Prof. Fleisch has published technical articles in the IEEE Transactions, The Journal of Atmospheric and Terrestrial Physics, and Microwave Journal, and has presented more than a dozen professional papers on topics related to high-speed microwave instrumentation and radar cross-section measurement. He has been a regular contributor of science commentary to PBS station WYSO of Yellow Springs, and in 2006 he appeared in the documentary "The Dayton Codebreakers" shown on Public Television.
Prof. Fleisch was named Outstanding Faculty Member at the Wittenberg Greek scholarship awards in 2000, and in 2002 he won the Omicron Delta Kappa award for Excellence in Teaching. In 2003 and 2005 he was recognized for Faculty Excellence and Innovation by the Southwestern Ohio Council for Higher Education (SOCHE), and in 2004 he received Wittenberg’s Distinguished Teaching Award, the university’s highest faculty award.
In November, 2010 Prof. Fleisch was named the Ohio Professor of the Year by the Carnegie Foundation and the Council for the Advancement and Support of Education. In August, 2013, Prof. Fleisch was named one of the Top 25 Science, Technology, Engineering, and Mathematics (STEM) Professors in Ohio.
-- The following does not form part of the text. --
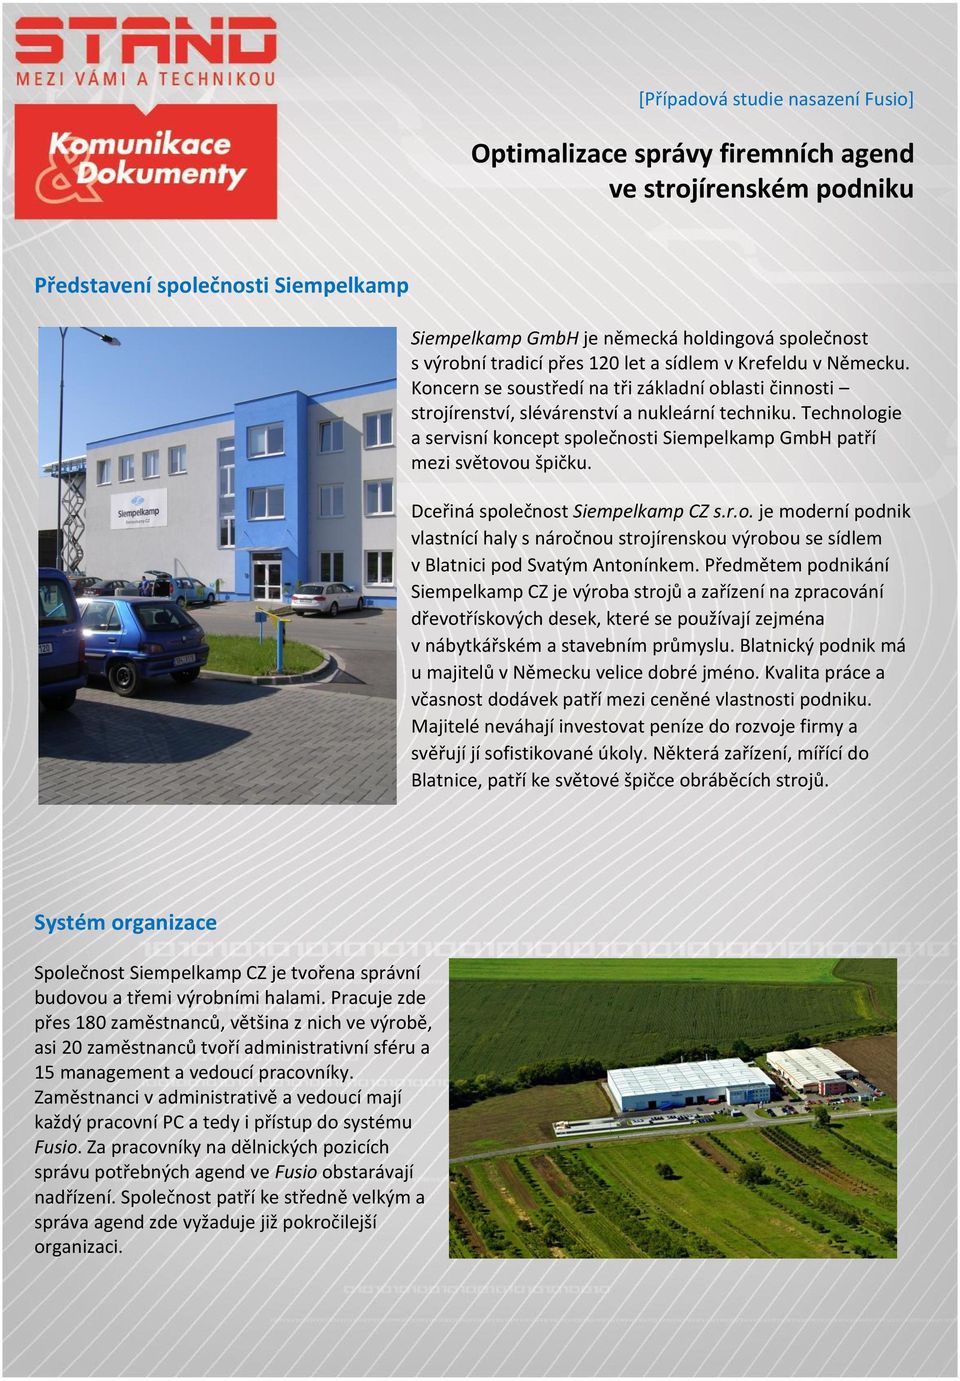 Technologie a servisní koncept společnosti Siempelkamp GmbH patří mezi světovou špičku. Dceřiná společnost Siempelkamp CZ s.r.o. je moderní podnik vlastnící haly s náročnou strojírenskou výrobou se sídlem v Blatnici pod Svatým Antonínkem.

Prof. Fleisch was named Series Editor for the Student's Guide Series at Cambridge University Press in 2018 and will serve as the Grand Canyon Astronomer in Residence in the fall of 2022.
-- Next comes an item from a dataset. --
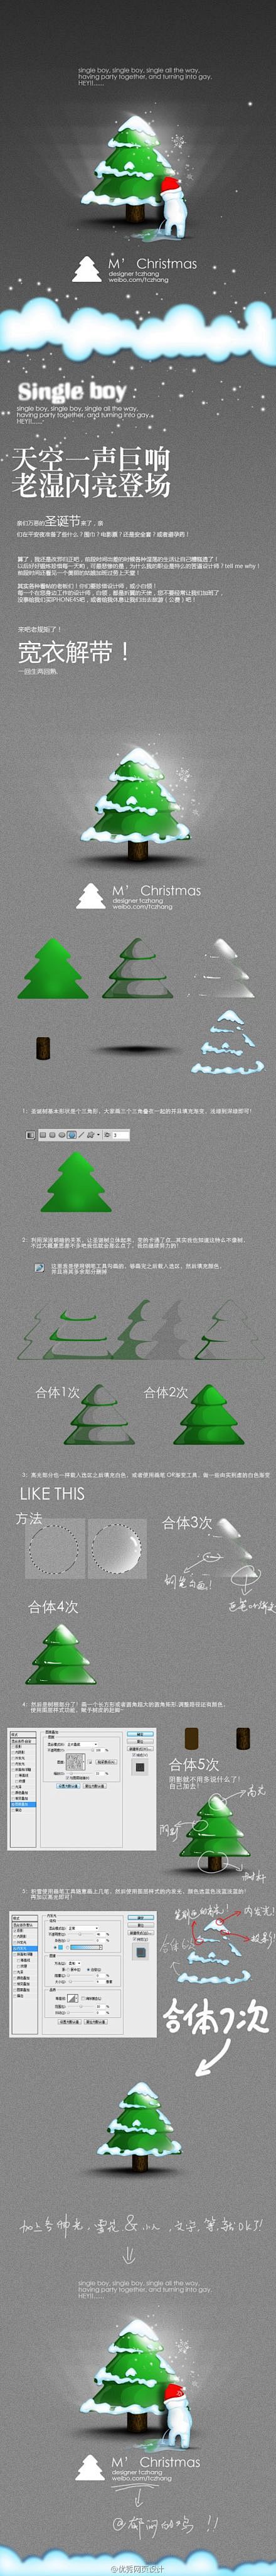 圣诞节→_→

Fleisch received his B.S. in Physics from Georgetown University in 1974 and his M.S. and Ph.D. in Space Physics and Astronomy from Rice University in 1976 and 1980, respectively.
To contact Dan Fleisch, send e-mail to | dfleisch@wittenberg.edu |
Dr. Julia M. Kregenow is a Lecturer in Astronomy and Astrophysics at the Pennsylvania State University at University Park, PA. Kregenow has published peer-reviewed astrophysics research articles and contributed numerous conference poster and oral presentations on characterizing X-ray sources in merging galaxies, calibrating gamma-ray detectors for balloon-borne missions, and mapping the interstellar medium in the Milky Way Galaxy.
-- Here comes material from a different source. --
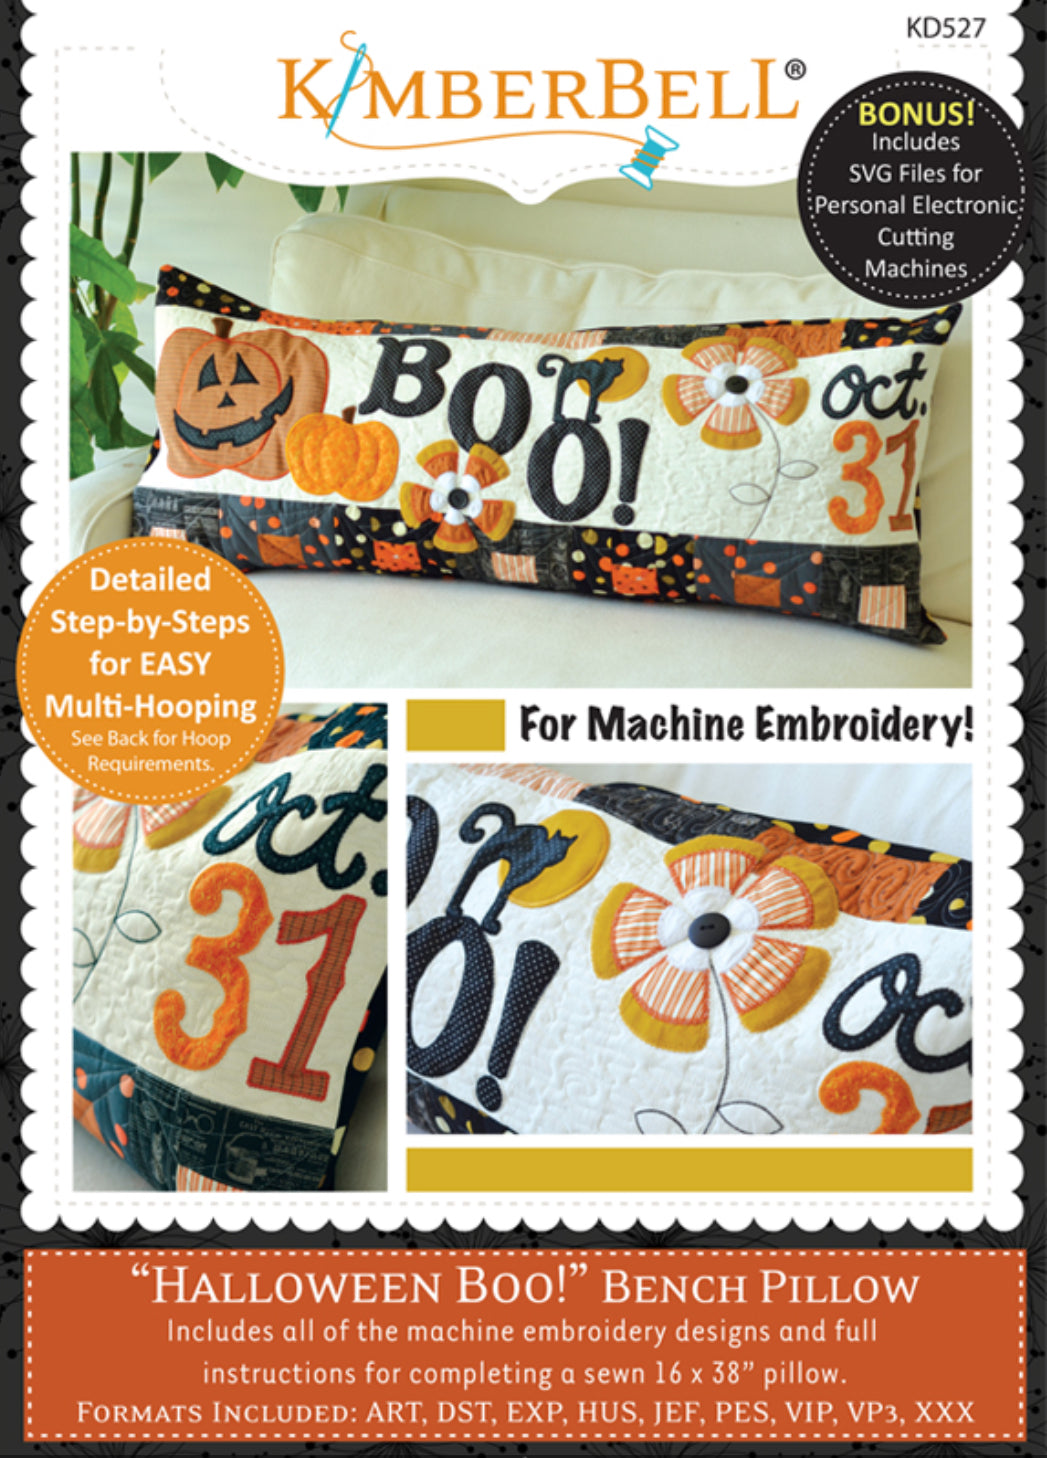 Halloween Boo! Bench Pillow - KimberBell

She has designed and taught Introductory Astronomy lecture, lab, and web courses at Cornell University, Ithaca College, and the Pennsylvania State University in classes ranging in size from 15 to 350. She incorporates many techniques to get her students actively engaged in her classes, both in the online and in-person environments. In addition to teaching her own classes, she mentors new faculty members, supervises graduate teaching assistants, coordinates 10 sections of Penn State's Astronomy Laboratory course, and conducts formal assessment of teaching and learning for over 3500 students and 15 faculty members per year for the Penn State Department of Astronomy and Astrophysics.
Her Astronomy Education professional activities include authoring peer-reviewed articles in the Astronomy Education Review and Journal of College Science Teaching, presenting the results of her education research projects at professional conferences, writing guest columns for the American Astronomical Society's member newsletter and for Spark, the education newsletter, establishing and securing funding for a faculty STEM (science, technology, engineering, and mathematics) education seminar series that encompasses over 20 science departments at five campuses, and instituting a graduate teaching assistant orientation program and pedagogy course.
Dr. Kregenow earned her B.A. in Physics at Wittenberg University in 2001, and completed both her M.A. and Ph.D. in Astronomy and Astrophysics at the University of California at Berkeley in 2003 and 2007. She was a National Physical Sciences Consortium fellow as a doctoral student from 2001-2007, and a Christine Mirzayan Science and Technology Policy Fellow at the National Academies in Washington DC in 2007. She was a postdoctoral researcher in Astronomy and Physics Education at Ithaca College from 2007-2009 before joining the Penn State Astronomy and Astrophysics faculty in 2009.